А порол нас Бойаз, да будет вам известно, всегда по заслугам. Причина всегда находилась: за то, что не учились прилежно, за то, что не желали молиться, за то, что не слушались родителей или ребе, за то, что не смотрели в книжку, отвлекались от книжки, за то, что слишком торопливо молились, слишком медленно молились, слишком громко говорили, слишком тихо говорили, за оборванный лацкан, за пуговицу, за дыру, за царапину, за грязные руки, за пятно в молитвеннике, за лакомство, за бегство, за озорство и так далее и так далее, без конца.
Это он порол за грехи, «содеянные на виду у всех». Но он порол еще и за грехи, «содеянные втайне»; так, например, он порол всех каждую пятницу, в канун праздников и перед каникулами и пояснял это так: «Если вы этих розог еще не заслужили, то, с божьей помощью, заслужите в будущем». А то выпорет потому, что кто-либо, свой или чужой, хотел вам услужить и пожаловался ребе; или порол и намекал при этом: «Ты, верно, и сам знаешь, за какие добрые дела тебя порют». А то выпорет из любопытства: «Ну-ка, посмотрим, как ведет себя мальчик под розгой…» Одним словом, розги, плетка, страх и слезы — вот что властвовало тогда в нашем маленьком глупом детском мирке, и не было ни способа, ни средства, ни луча надежды на выход из этого ада.
А добрый ангел, о котором говорила мать? Где же он, этот добрый ангел?
Должен признаться: по временам у меня закрадывалось сомнение в существовании доброго ангела. Искра неверия слишком рано закралась в мою детскую душу. Слишком рано стал я подумывать о том, что, видимо, мать обманула меня. Слишком рано я познакомился с чувством, имя которому «ненависть». Слишком, слишком рано возненавидел я своего ребе Бойаза.
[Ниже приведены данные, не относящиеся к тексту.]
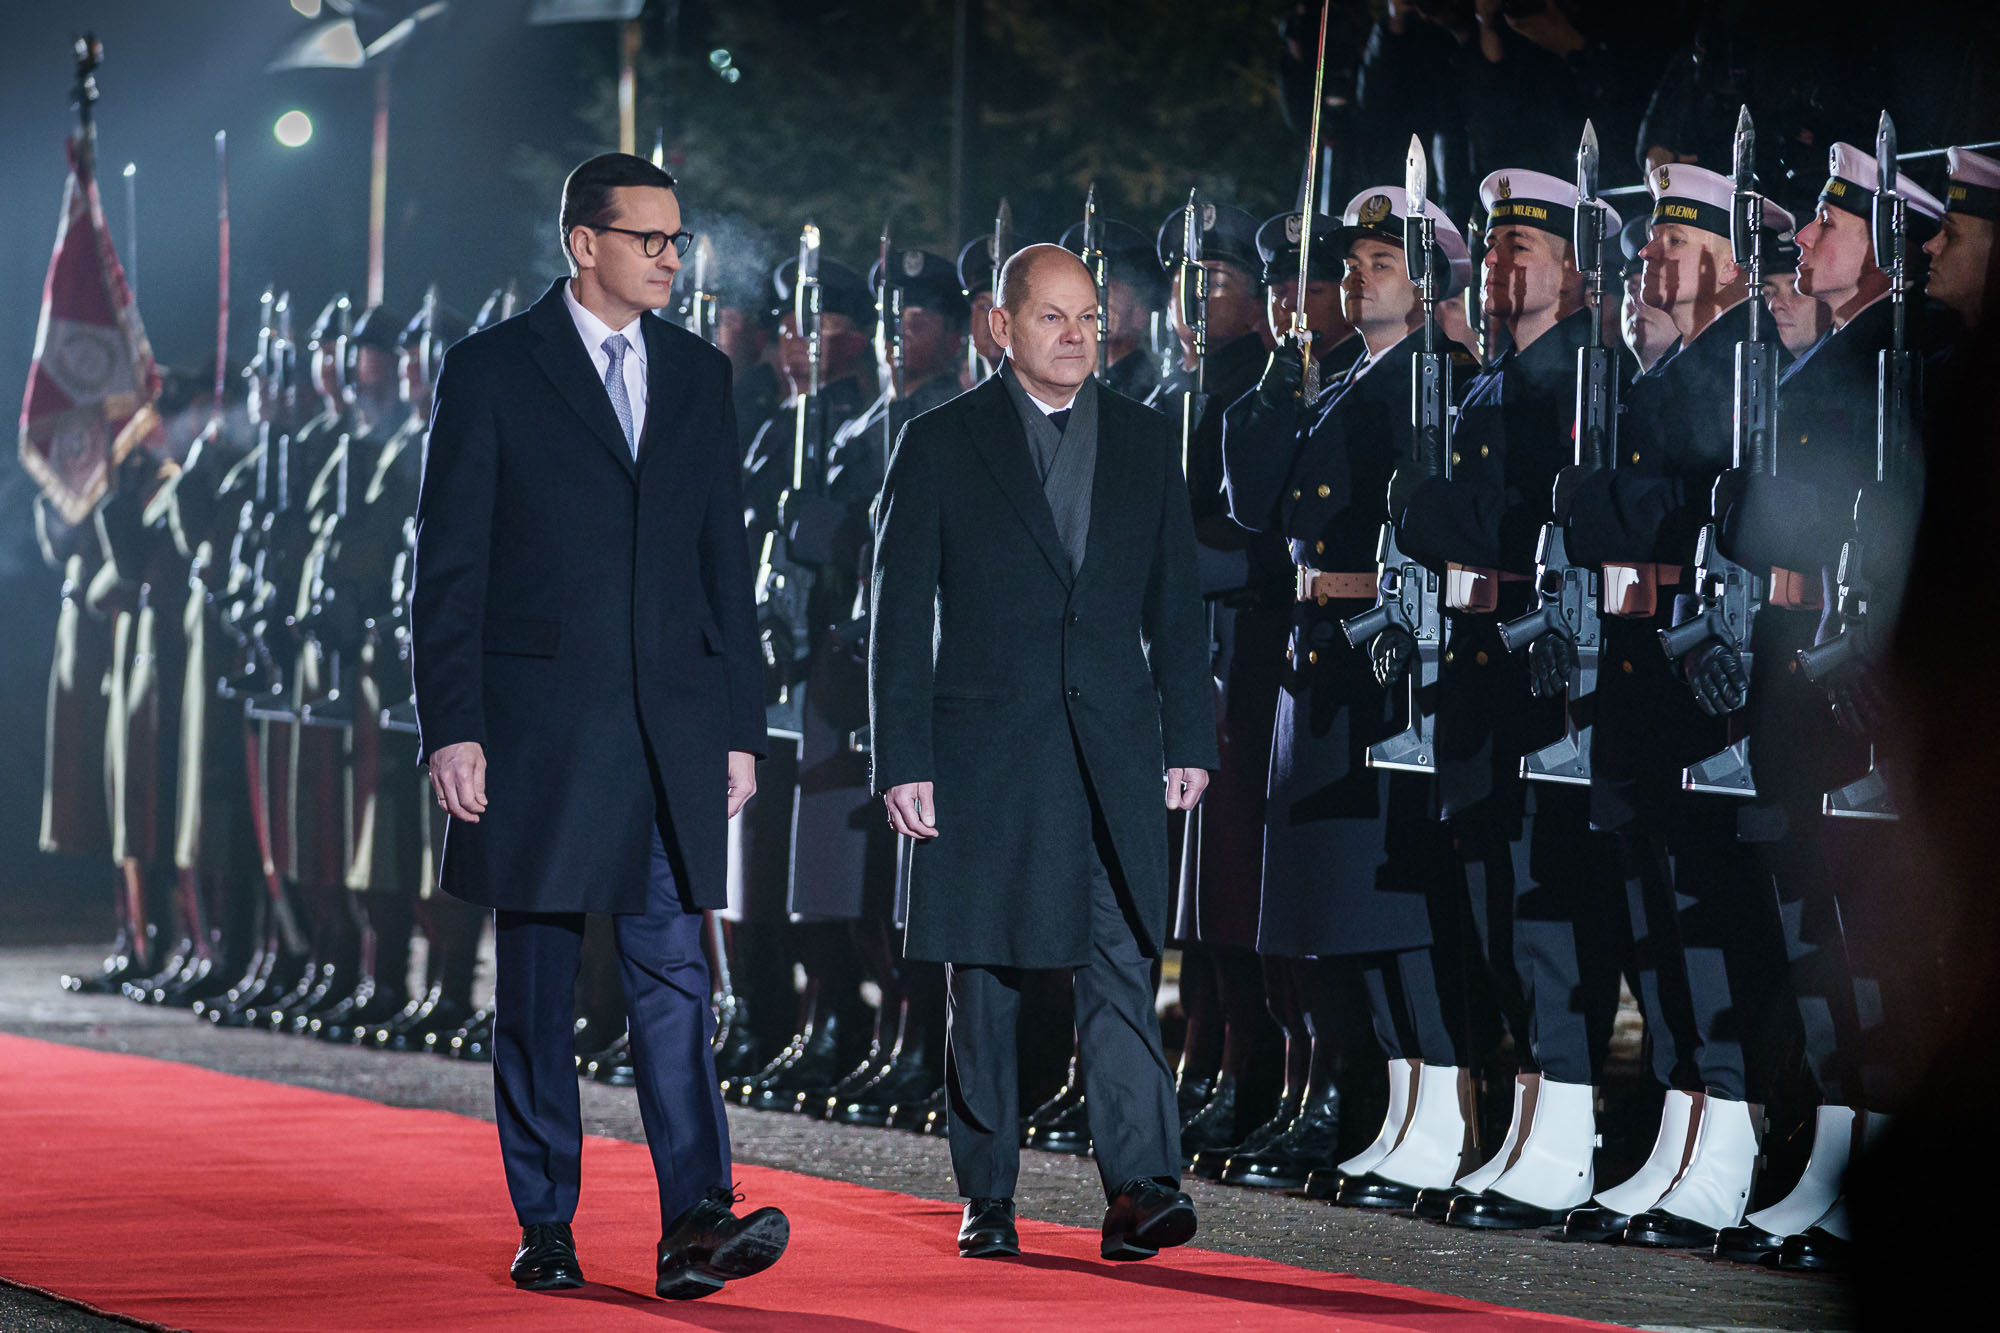 Bundeskanzler Olaf Scholz neben Mateusz Morawiecki, Polens Ministerpräsident, bei der Begrüßung mit militärischen Ehren.

Да и как было не ненавидеть его? Как тут не ненавидеть ребе, который не дает и головы поднять: «Этого нельзя!», «Там не стой!», «Туда не ходи!», «С тем не говори!» Как не ненавидеть человека, у которого нет ни капли жалости, который испытывает удовольствие при виде чужих страданий, купается в чужих слезах, пьянеет от чужой крови? Что уж, кажется, может быть позорнее порки? Что может быть унизительней, чем стоять в углу раздетым догола, в чем мать родила? Но Бойазу этого мало. Бойаз требует от тебя, чтоб ты сам разделся, сам скинул штанишки, сам, извините за выражение, задрал рубашонку на голову, сам лег, тысячу раз прошу извинения, лицом вниз, а остальное уж сделает Бойаз:
Бойаз порол не один, ему помогали «певчие», — так он называл своих помощников. Конечно, под наблюдением Бойаза, чтоб они, упаси бог, как-нибудь не пропустили ни одной розги. «Поменьше науки, побольше плетей, — говорил Бойаз и объяснял эту теорию с помощью логики: — От излишних занятий тупеют способности, а лишняя розга вреда не принесет. Ибо, говорил Бойаз, давайте рассудим: наука, преподаваемая ребенку, направляется прямо в мозги, посему она вызывает смятение в мыслях и дурманит голову; а плети — наоборот: пока удары передаются от задней части через все тело в голову, они очищают кровь и проясняют мысли, — теперь вам понятно?..»
И Бойаз не переставал очищать нашу кровь и прочищать нам мозги.